>>>>

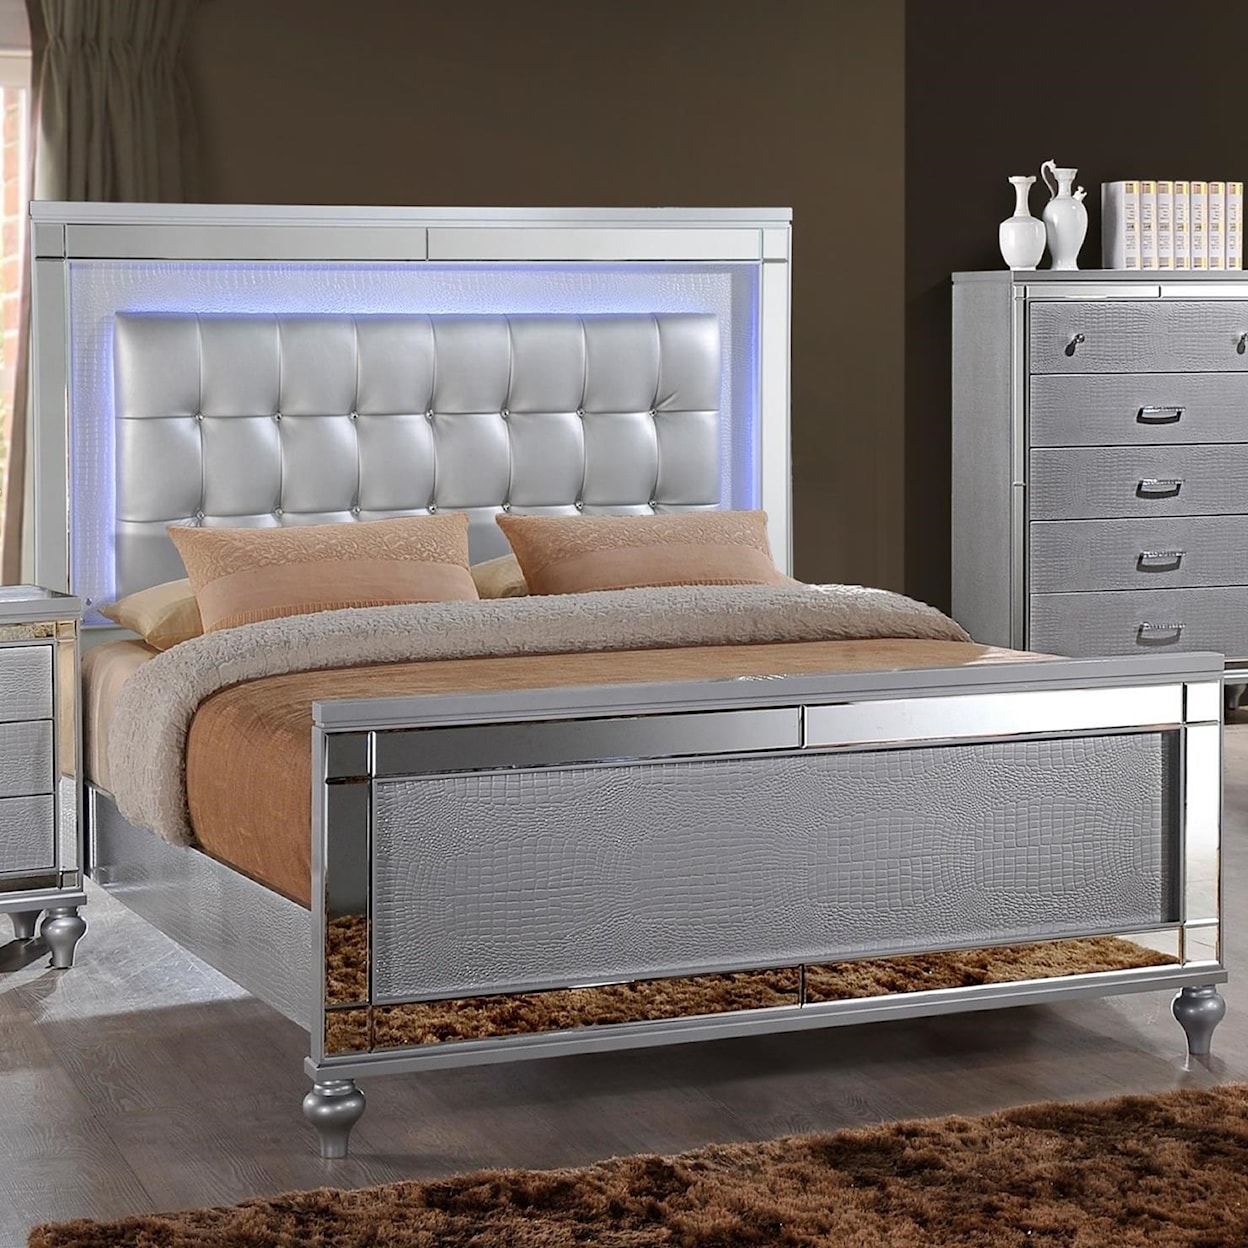 New Classic Milan VALENTINO SILVER LIGHT UP FULL BED |
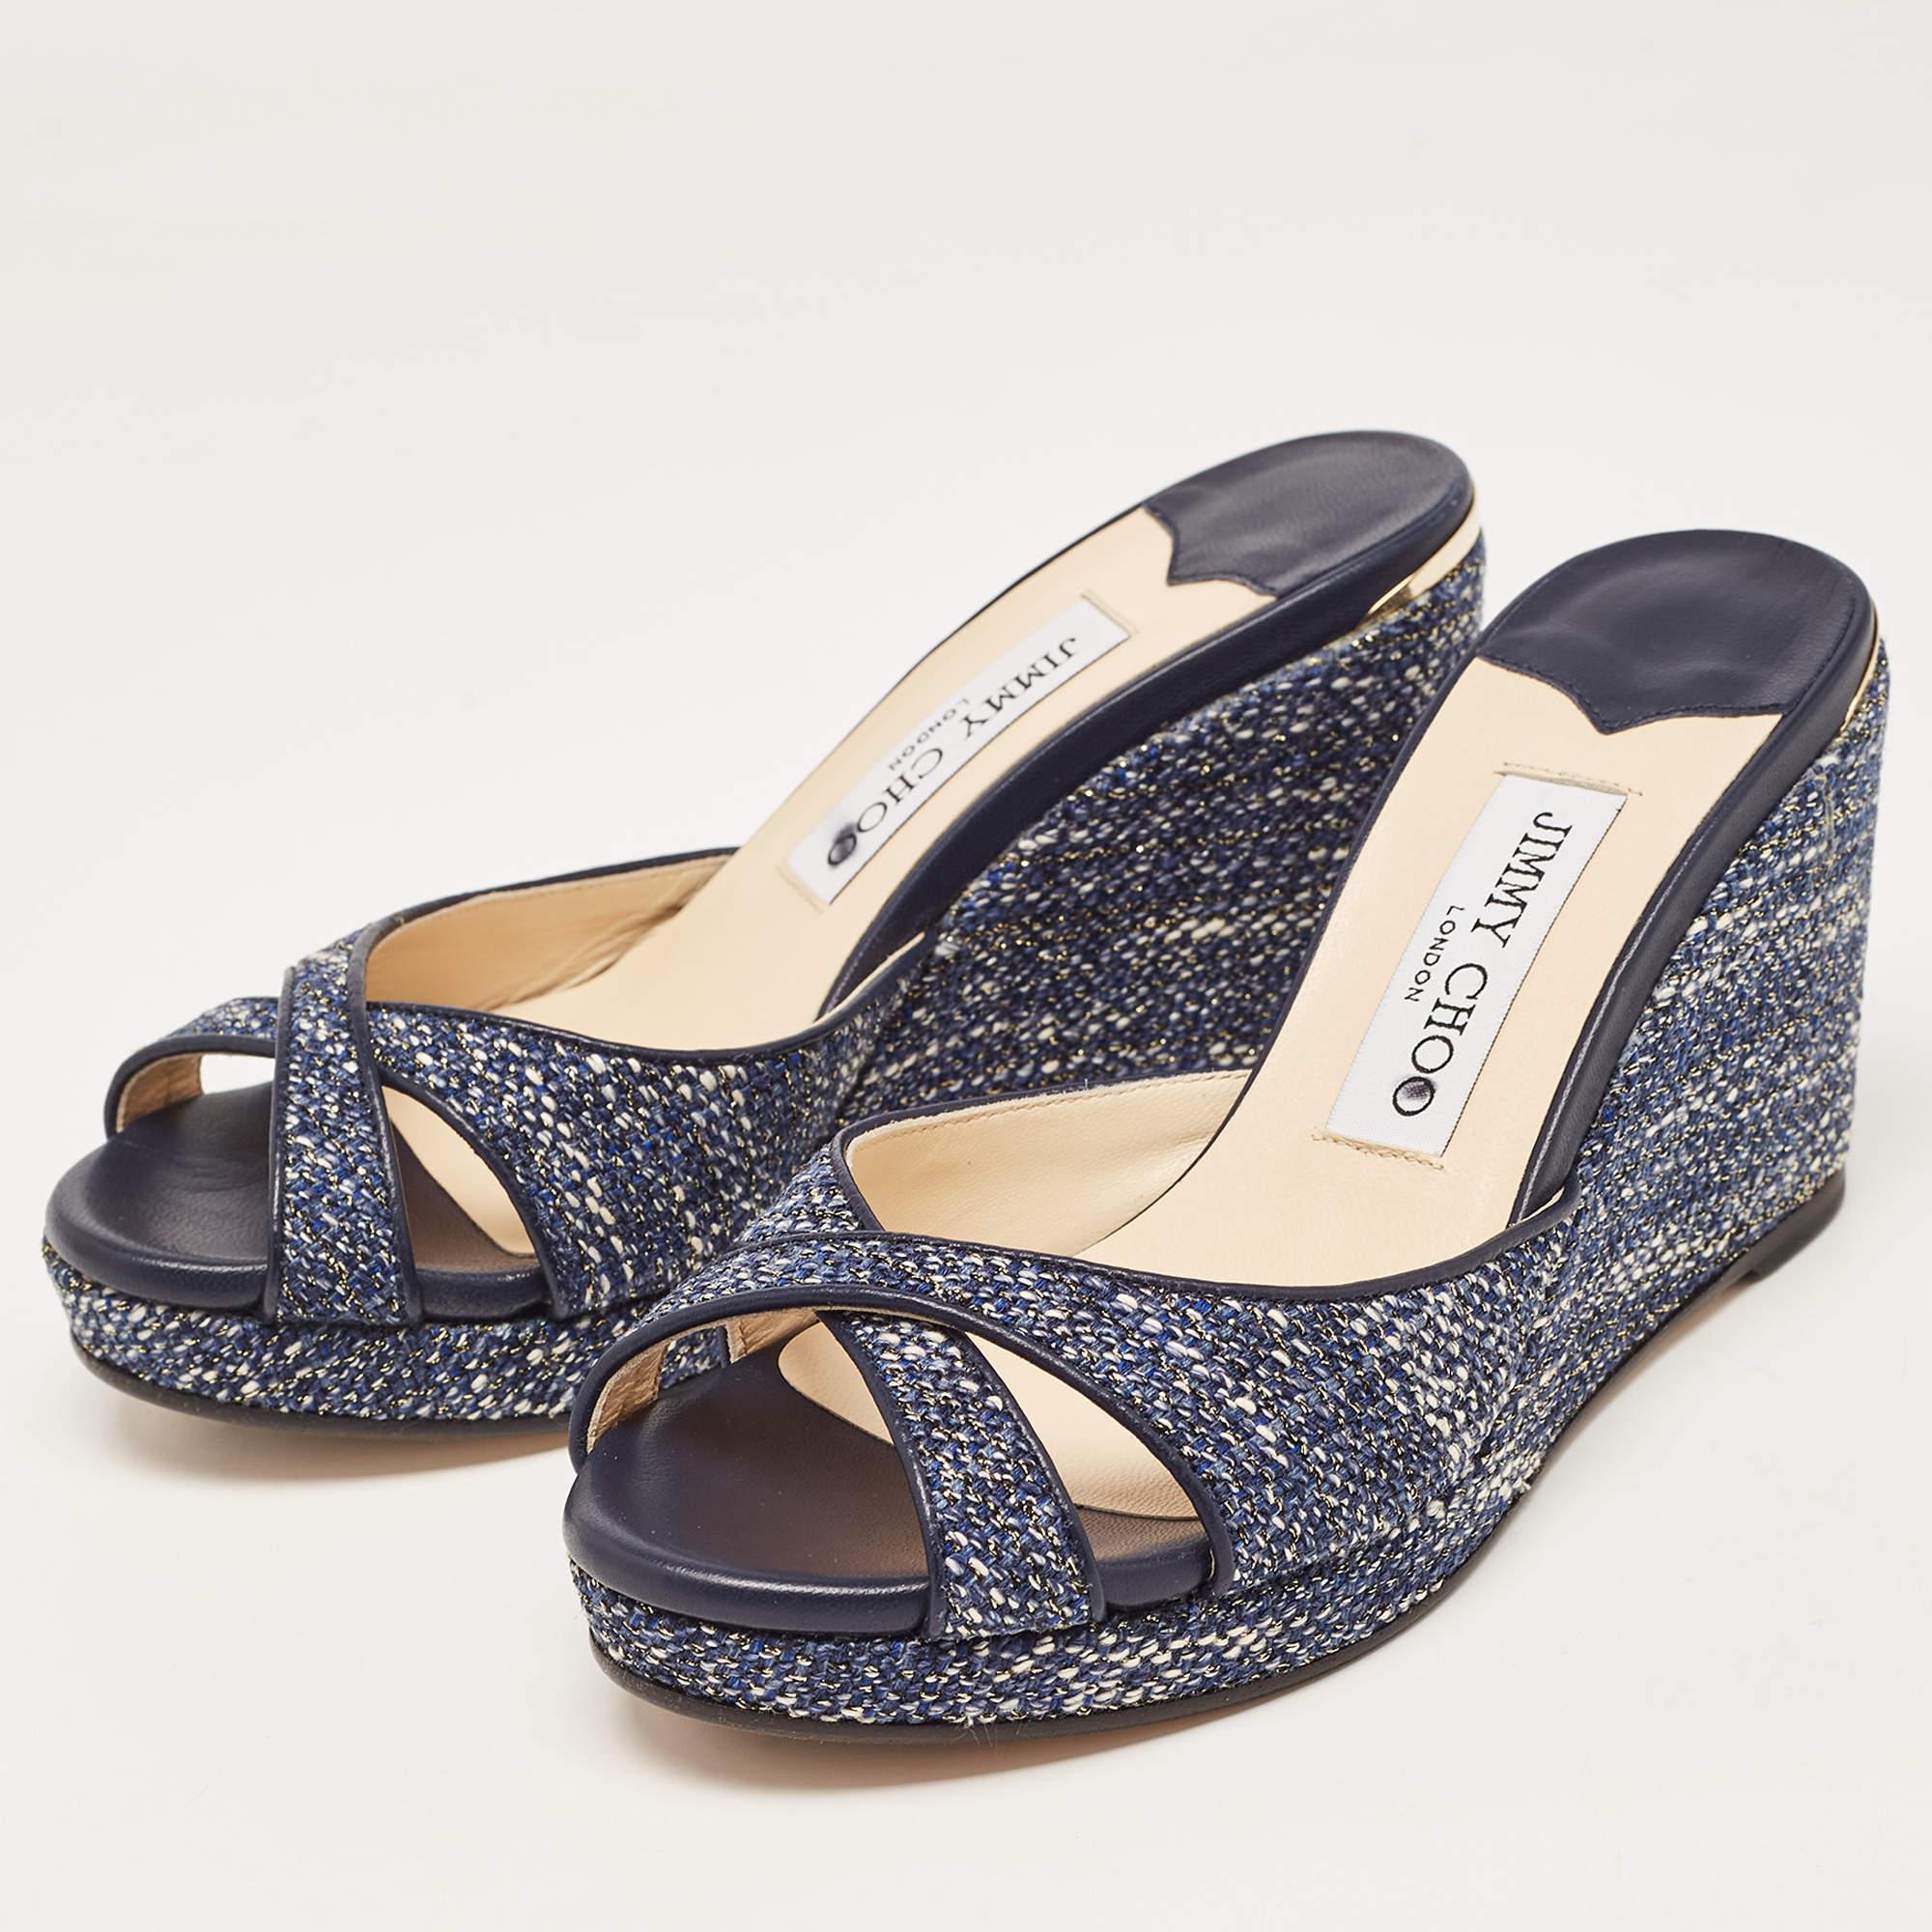 The Jimmy Choo sandals feature a sophisticated blend of navy blue tweed and leather. With a stylish wedge heel, they offer both elegance and comfort for any occasion.

Includes: Original Dustbag, Original Box

<<<<

# [Task statement]
The required output is the listing above reproduced exactly, pictures removed.

# [Result for this task]
 New Classic Milan VALENTINO SILVER LIGHT UP FULL BED |
 The Jimmy Choo sandals feature a sophisticated blend of navy blue tweed and leather. With a stylish wedge heel, they offer both elegance and comfort for any occasion.

Includes: Original Dustbag, Original Box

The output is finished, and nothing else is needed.